Francisca Flores

Personal information
- Full name: Francisca Flores Cariola
- Born: 25 October 1985 (age 40) Santiago, Chile

Sport
- Sport: Field hockey
- Position: Defence

National team
- Years: Team / Caps / Goals
- 2005: Chile U–21 / 11 / (0)
- 2006–2015: Chile / 79 / (15)

Medal record
Women's field hockey
Representing Chile
Pan American Cup
| Silver medal – second place | 2022 Santiago |  |
| Bronze medal – third place | 2009 Hamilton |  |
South American Games
| Silver medal – second place | 2006 Buenos Aires | Team |
Pan American Junior Championship
| Bronze medal – third place | 2005 San Juan |  |

= Francisca Flores (field hockey) =

Chilean field hockey player

Francisca Flores Cariola (born 25 October 1985) is a former field hockey player from Chile, who played as a defender.

==Personal life==
Francisca Flores has a younger sister, Fernanda, who also played international hockey for Chile.

==Career==
===Junior national team===
Flores made her debut for the Chile U–21 team in 2005 at the Pan American Junior Championship in San Juan.
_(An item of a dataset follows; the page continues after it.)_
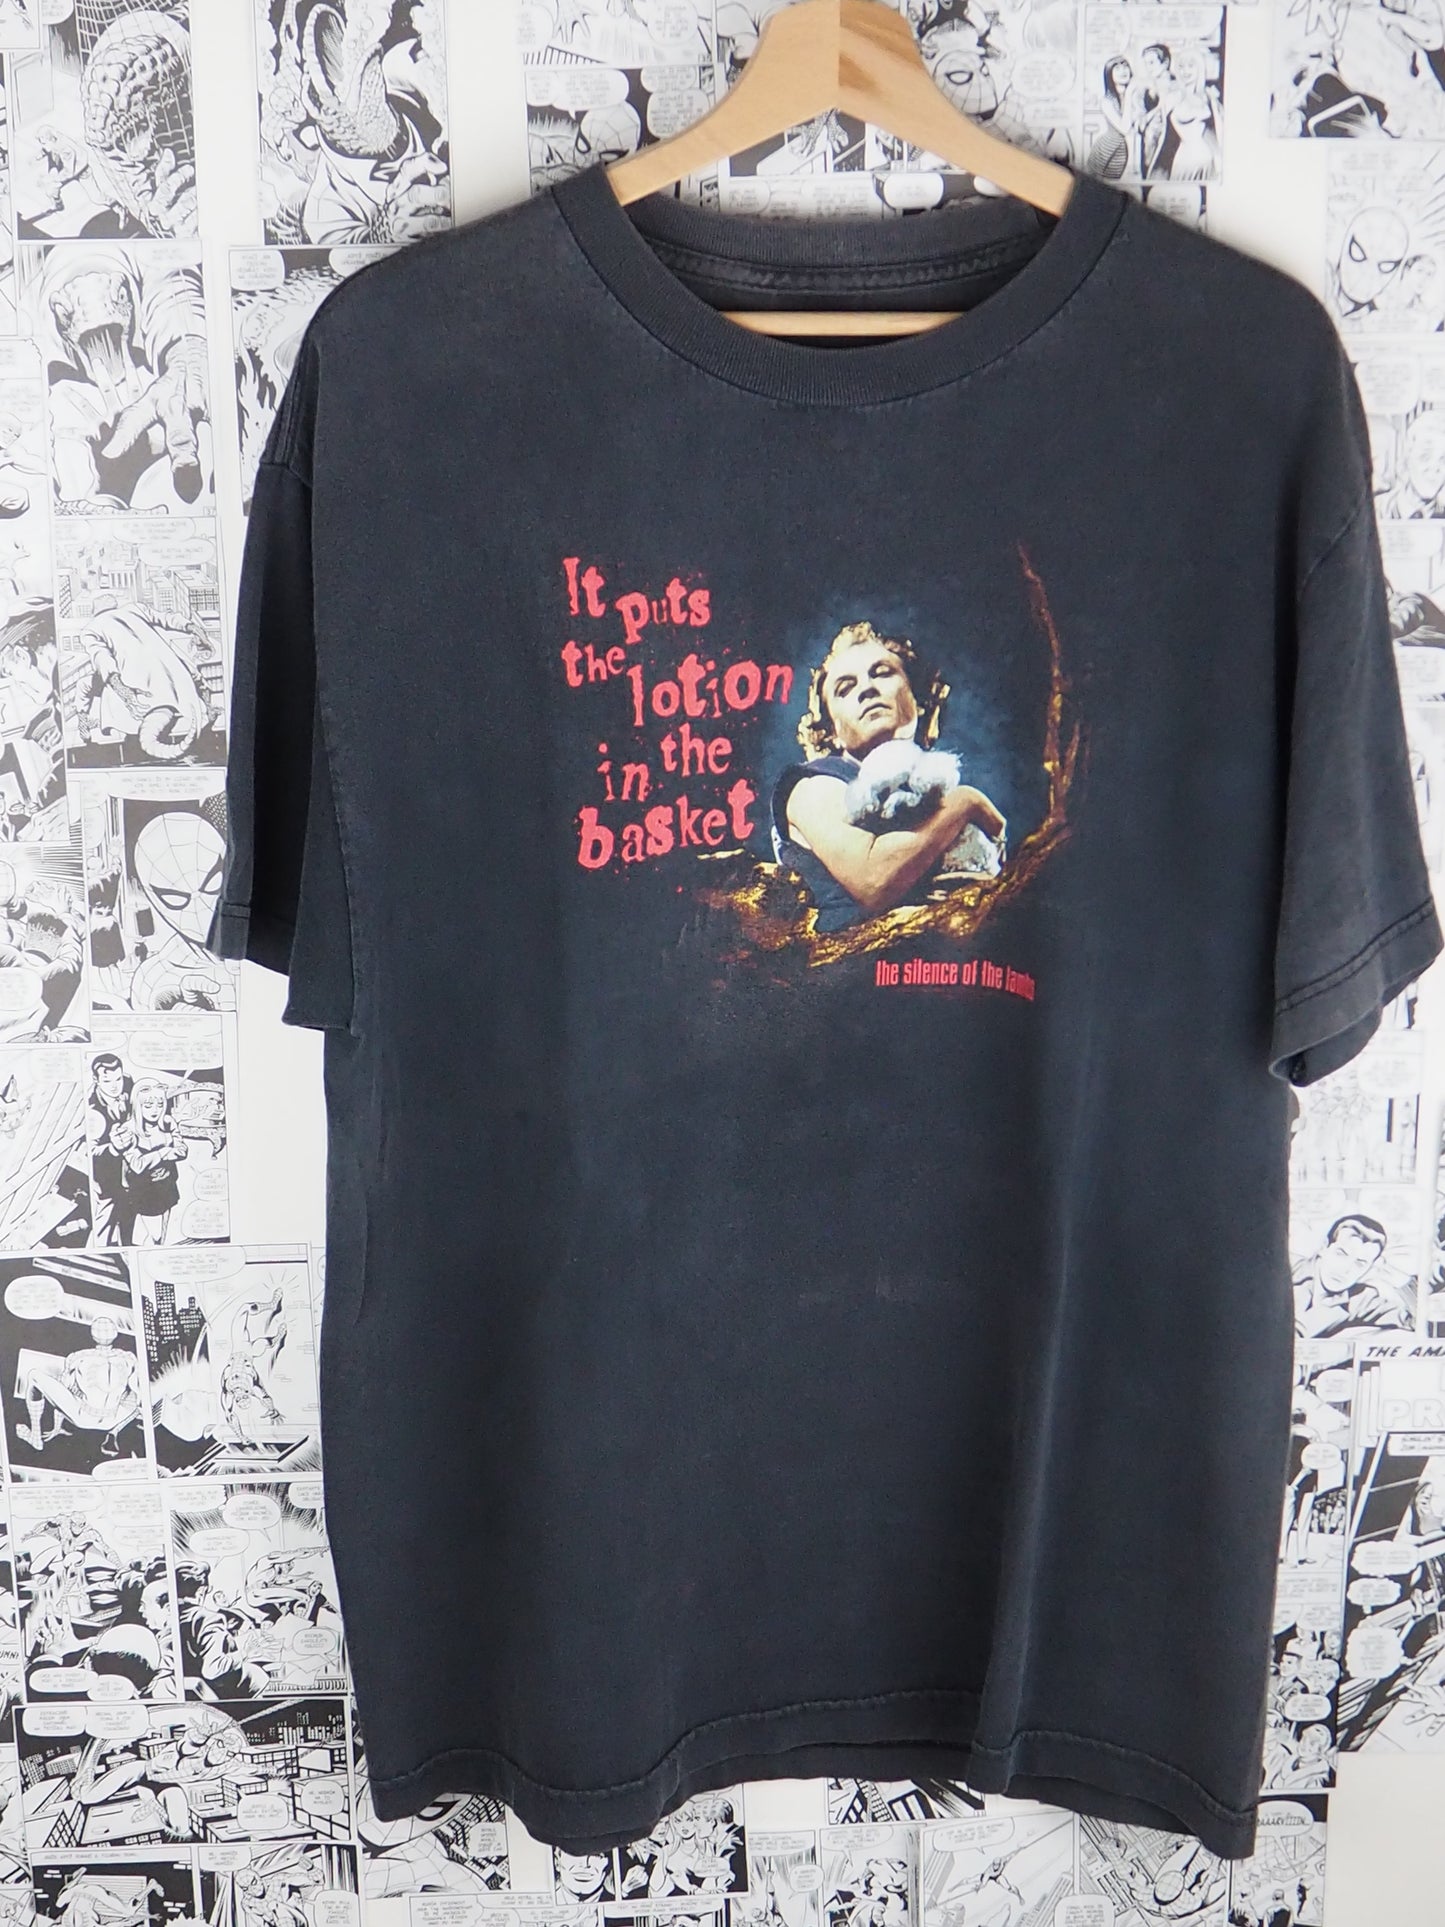 Vintage Silence of the Lambs t-shirt - size L

Later that year she represented the team at the FIH Junior World Cup in her hometown, Santiago.

===Las Diablas===
In 2006, Flores made her debut for Las Diablas at the South American Games in Buenos Aires.

Flores went on to make represent the national team over a nine-year period. Most notably, in 2009 she won a bronze medal at the Pan American Cup in Hamilton. She made her final appearance for the national team in 2015 during the 2014–15 FIH World League.